Kemenko PMK Kerjasama Ulama Perempuan Lindungi Perempuan Pekerja Migran

Dari Kupipedia
Revisi per 3 September 2024 05.48 oleh Agus Munawir (bicara | kontrib)
(beda) ← Revisi sebelumnya | Revisi terkini (beda) | Revisi selanjutnya → (beda)
Loncat ke navigasi Loncat ke pencarian

Info Artikel

Sumber Original : KEMENKO PMK
Penulis : -
Tanggal Terbit : 28 Apr, 2021
Artikel Lengkap : Kemenko PMK Kerjasama Ulama Perempuan Lindungi Perempuan Pekerja Migran

Jakarta (27/4) -- Kekerasan terhadap Pekerja Migran Indonesia (PMI) khususnya perempuan masih menjadi persoalan. Data Badan Perlindungan Pekerja Migran (BP2MI) menunjukkan total penempatan PMI pada tahun 2020 sebanyak 113.173 orang dengan jumlah perempuan sebanyak 90.500 orang.

Pemerintah bekerja sama dengan berbagai pihak untuk mengatasi persoalan tersebut.
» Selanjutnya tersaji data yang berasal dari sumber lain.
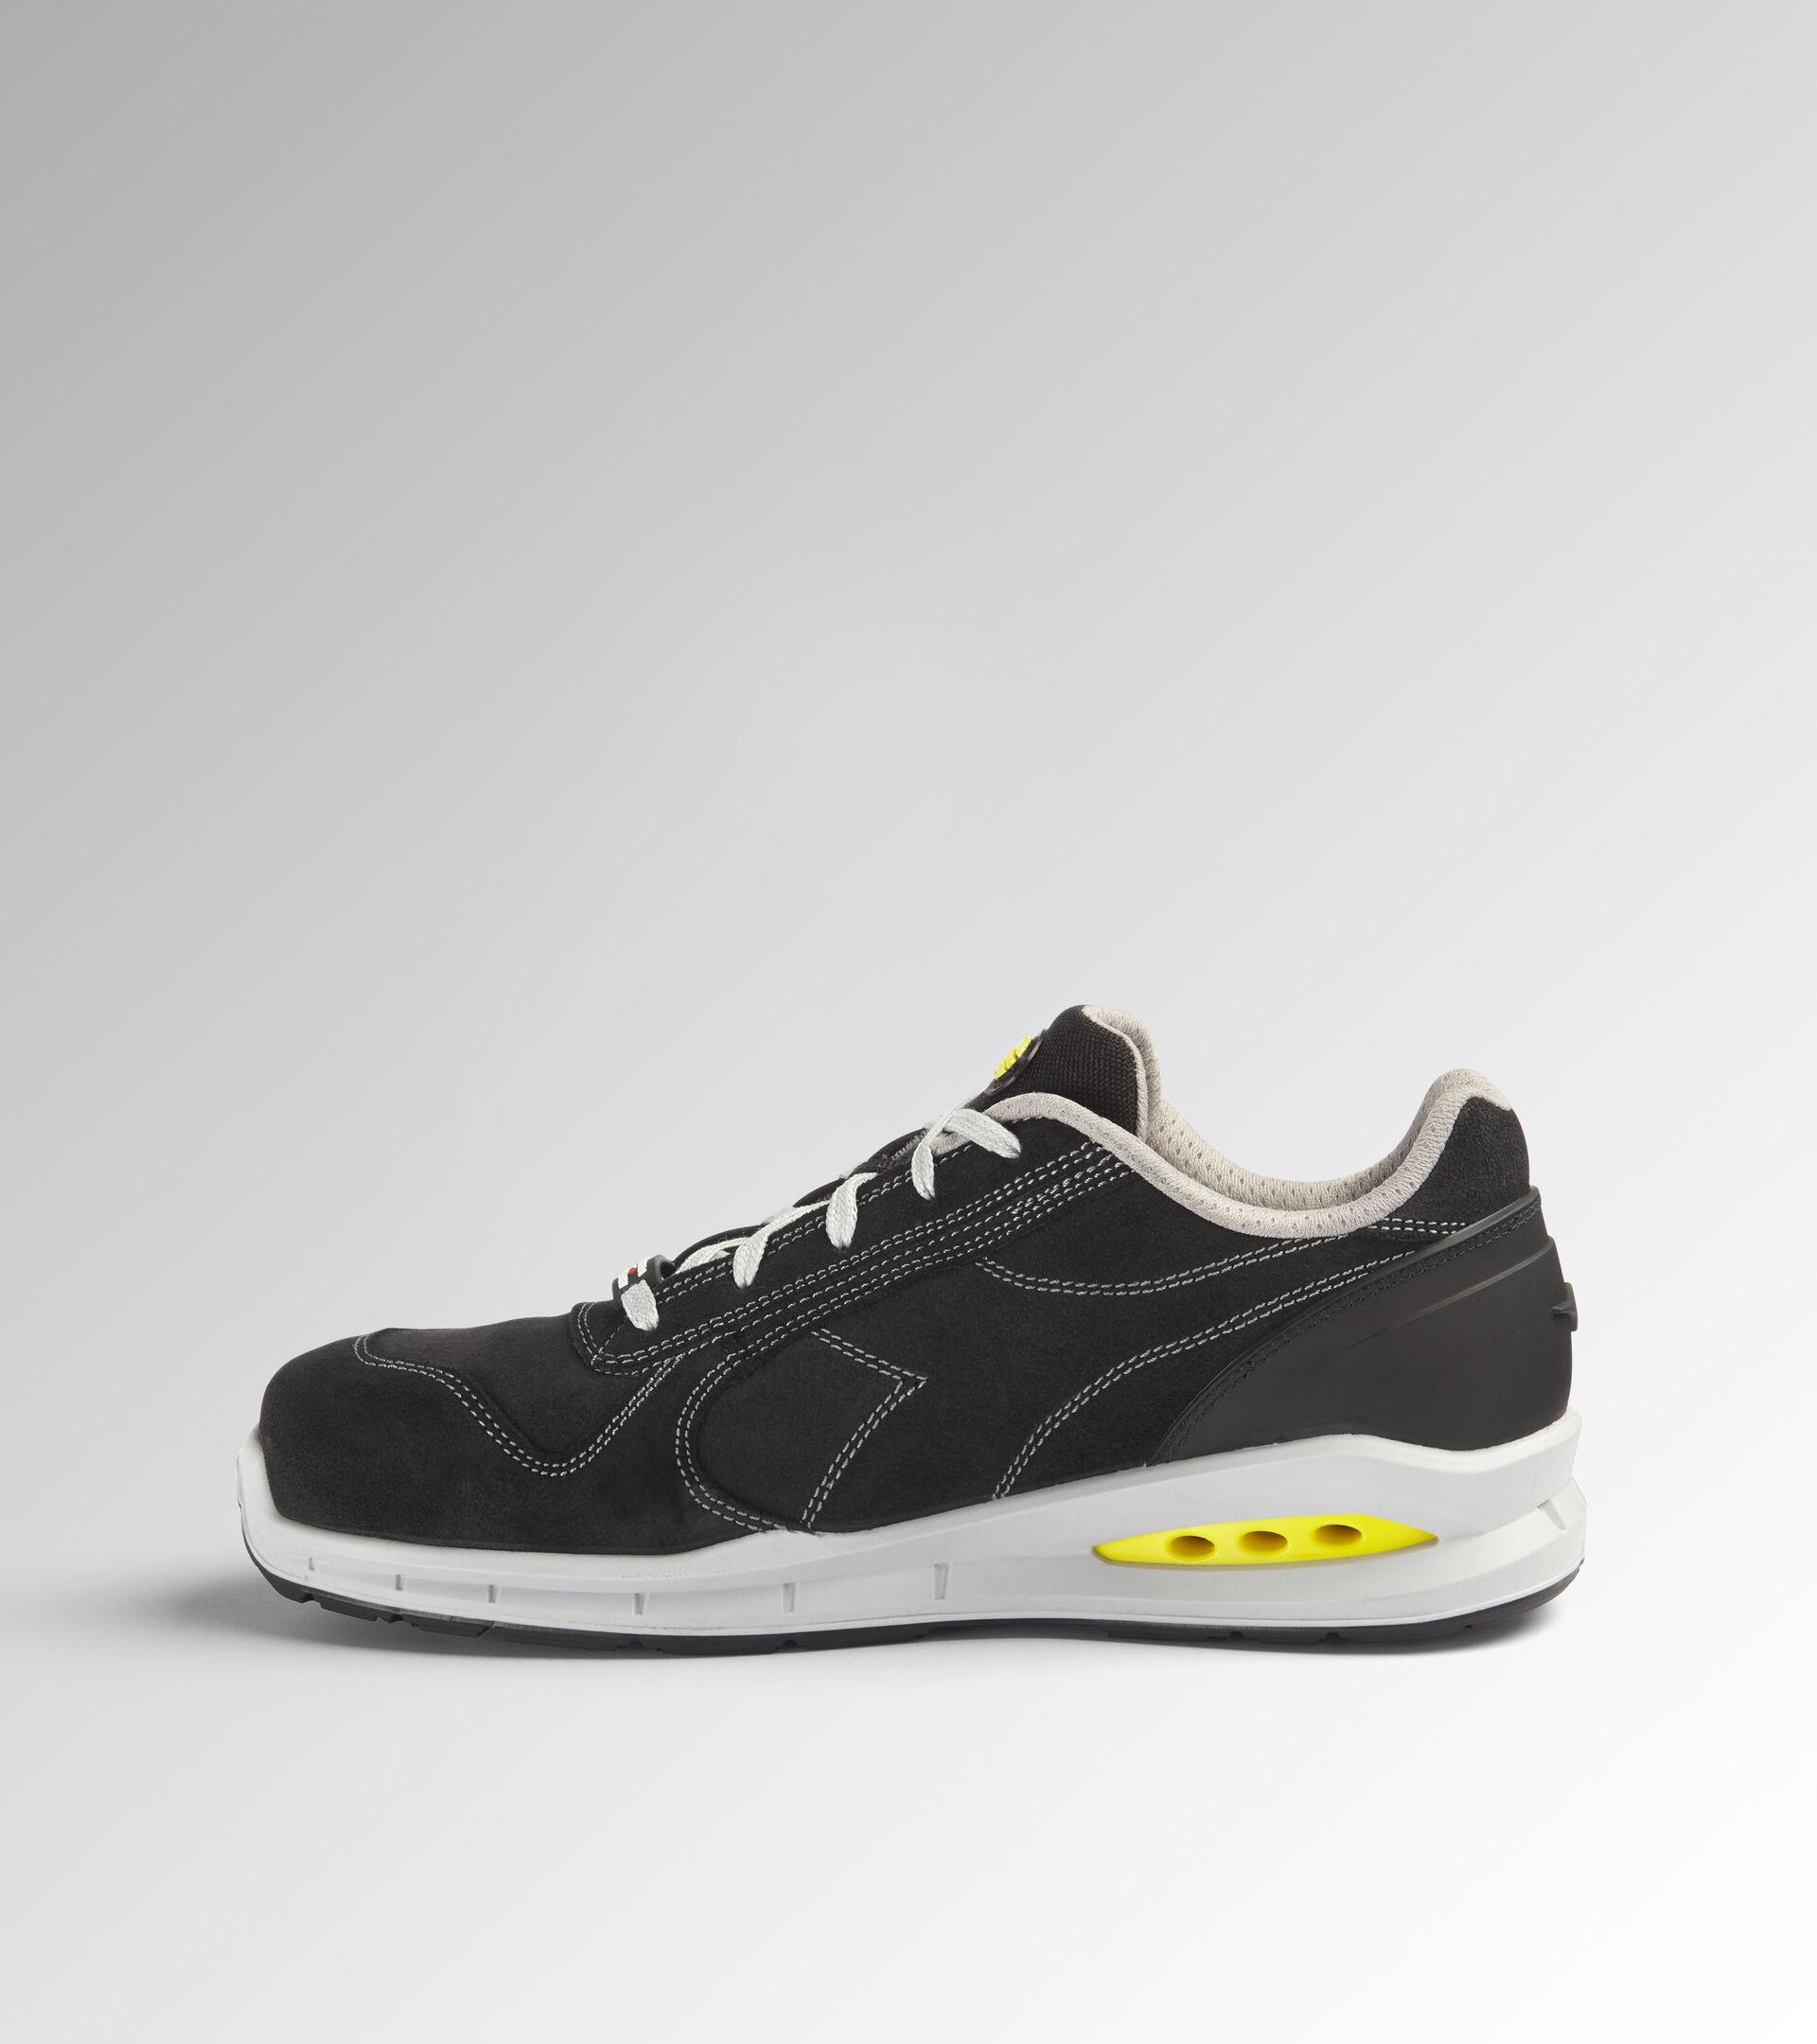 Footwear Utility UNISEX RUN NET AIRBOX LOW S3 SRC BLACK /BLACK Utility

Diantaranya, bersama Kongres Ulama Perempuan Indonesia (KUPI) melakukan identifikasi permasalahan serta menyusun langkah strategis dalam perlindungan perempuan, khususnya pekerja migran.

Asisten Deputi Bidang Pemenuhan Hak, Perlindungan, dan Pemberdayaan Perempuan Kementerian Koordinator Bidang Pembangunan Manusia dan Kebudayaan (Kemenko PMK) Roos Diana Iskandar mengatakan bahwa pemerintah telah melakukan upaya dalam melindungi perempuan Indonesia, khususnya dari kekerasan berbasis gender dalam migrasi.

Salah satunya adalah dengan dikeluarkannya Undang-Undang Nomor 18 Tahun 2017 tentang Pelindungan Pekerja Migran Indonesia.

"Berbagai upaya telah dilakukan oleh pemerintah, namun dalam meningkatkan upaya perlindungan perempuan dibutuhkan kerja keras dan sinergitas bersama. Peran serta dan dukungan semua pemangku kepentingan dari kementerian/lembaga, pemerintah daerah, lembaga swadaya masyarakat, dan masyarakat tentu sangat diperlukan," ujarnya saat mewakili Deputi Bidang Koordinasi Perlindungan Anak, Perempuan, dan Pemuda Femmy Eka Kartika Putri dalam FGD II Ulama Perempuan Merespon Kekerasan Berbasis Gender dalam Migrasi, Selasa (27/4).

Merujuk fakta, berdasarkan penelitian UN Women, kekerasan yang dialami perempuan pekerja migran memiliki dampak serius, baik itu secara jangka pendek dan jangka panjang terhadap kesehatan fisik maupun mental.

Adapun dampak kesehatan dari korban kekerasan mencakup cedera, kehamilan yang tidak diinginkan, HIV, disabilitas, depresi, atau bahkan melakukan perbuatan membahayakan diri sendiri. Selain itu, penyintas kekerasan juga menghadapi stigma dan penolakan dari masyarakat juga keluarga.

"Kondisi ini yang harusnya bisa menjadi dasar bagi kita untuk memperkuat upaya perlindungan perempuan pekerja migran. Karenanya, saya berharap kita semua punya komitmen yang sama dalam menjalankan kewajiban melindungi mereka," tuturnya.

Turut hadir dalam FGD dan ikut menyuarakan pendapat serupa yaitu perwakilan kementerian/lembaga, BP2MI, serta beberapa Lembaga Swadaya Masyarakat termasuk.